Water properties depend on the physiological and the physical environment it is found. Water in the CSF has different properties to, say, water around the parenchyma or in extracellular space. For example, previous studies have found that edematous water has different relaxation coefficients from CSF water (T1=1500 ms vs. 4000 ms, respectively) ⁴¹. There are also diffusivity variations: CSF diffusivity is approximately the same as that of pure water at 37°C, but fluid diffusivity in tumors and edema can be around half the diffusivity of pure water ⁴¹. Separately, ex vivo tissue needs a different set of relaxation and diffusivity parameters from in vivo tissue ⁴². Variations in T1 and T2 values can arise due to the environment temperature ³, as well as sex, age, and pathology ⁴³. Pathology also affects the water content (hence PD), and multiple such examples are given in the book by Paul Tofts ²⁰. For example, demyelinated WM in subacute sclerosing leukoencephalitis ⁴⁴ and WM lesions in Multiple Sclerosis show increased water content (ex vivo evidence from Tourtellotte ⁴⁵; in vivo studies by MacKay ⁴⁶ and Whittall ²¹); this has also been observed in glioblastomas ⁴⁷.

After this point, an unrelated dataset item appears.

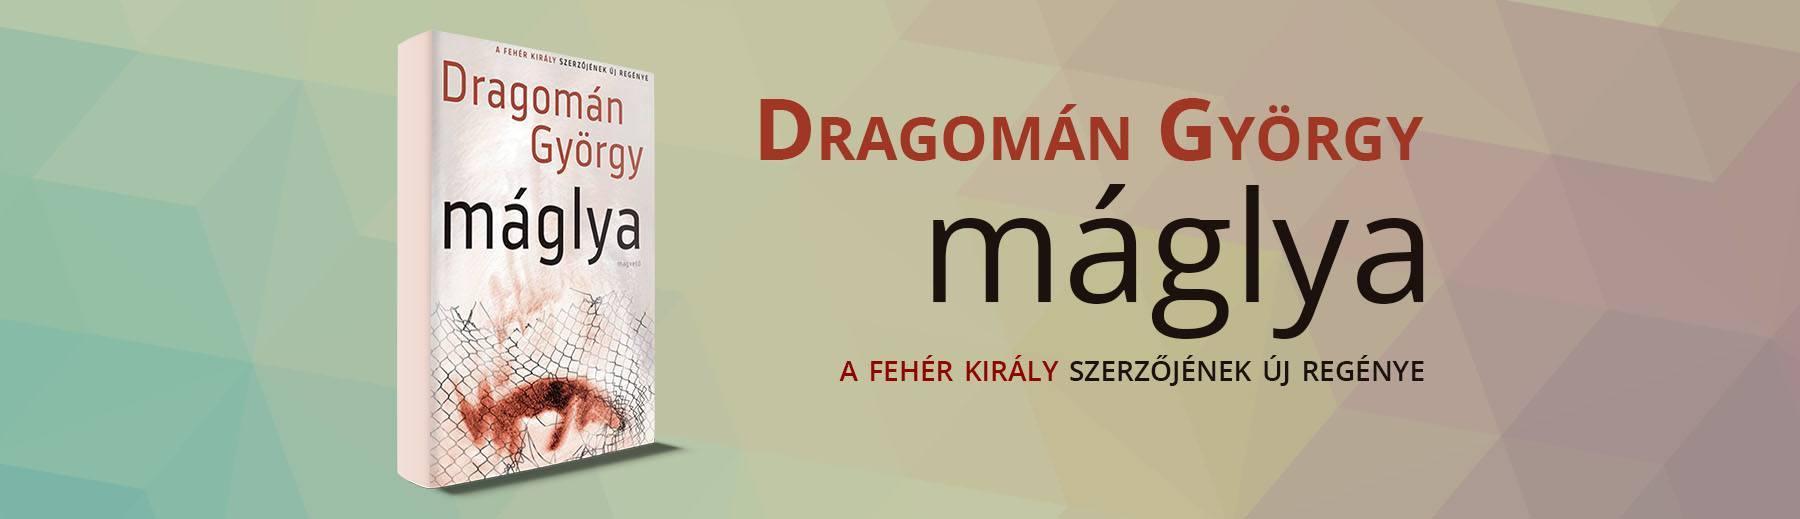 http://admin.konyvaruhaz.info/media/files/dragoman@2x.jpg

The best fix to attenuate volume fraction bias is to obtain T1, T2 and PD maps before fitting the other parameters ⁴⁸. Accounting for T2 relaxation may be sufficient ^15,49,50 if not explicitly modeling fluid (which would have a much higher T1 than that of white/grey matter) and the TR is high, or indeed if assuming that the volume fraction captures PD and T1-weighted effects of the modeled compartments ^51,52,53. For a more advanced approach, there is a 2D MRI relaxometry and diffusometry framework proposed by Benjamini and Basser ⁵⁴, the recent MESMERISED framework ⁵⁵ and other more specific applications that employ diffusion and relaxometry, as discussed in Pizzolato et al. ⁵⁶ or the review by Slator et al. ⁴⁹.

The last three limitations to the results concern the in vivo acquisition. The first is that we do not employ cardiac gating. However, although used for mitigating the effects of pulsation, cardiac gating needs to be used with caution, as too low a TR (say 1 s, which is in the order of a heartbeat) can increase the variability in the effective TR, and thus affect the signal in unpredictable ways.

Second, our preprocessing ignored the inevitable presence of Gibbs ringing ^57,58. These arise as a result of truncation of the image’s Fourier representation. Although we do not use them here, various correction methods have been proposed that reduce the bias in the estimated parameters ^59,60,61.

Finally, we primarily compared the two modelling approaches with each-other, without investigating the bias introduced to the parameter estimation as a result of the selected orientation of the gradient directions, or the uncertainty due to the number of measurements (hence SNR). Other studies have explored these ^62,63, especially for the FWDT model ¹³. Here, we also scan only one subject, primarily to illustrate the results from the simulations. Future studies with more subjects, including those with pathology, will determine the wider applicability of our findings.

Conclusion

In dMRI studies that aim to capture free water via two or more diffusion compartments, accounting for the PD and relaxation of each compartment improves the parameter estimation. Specifically, it attenuates the bias and variance of the estimated volume fractions, which can potentially confound or produce false contrast in the diffusion parameter maps. This will improve the ability of dMRI multicompartment models to characterize neuronal tissue integrity or degradation in clinical populations.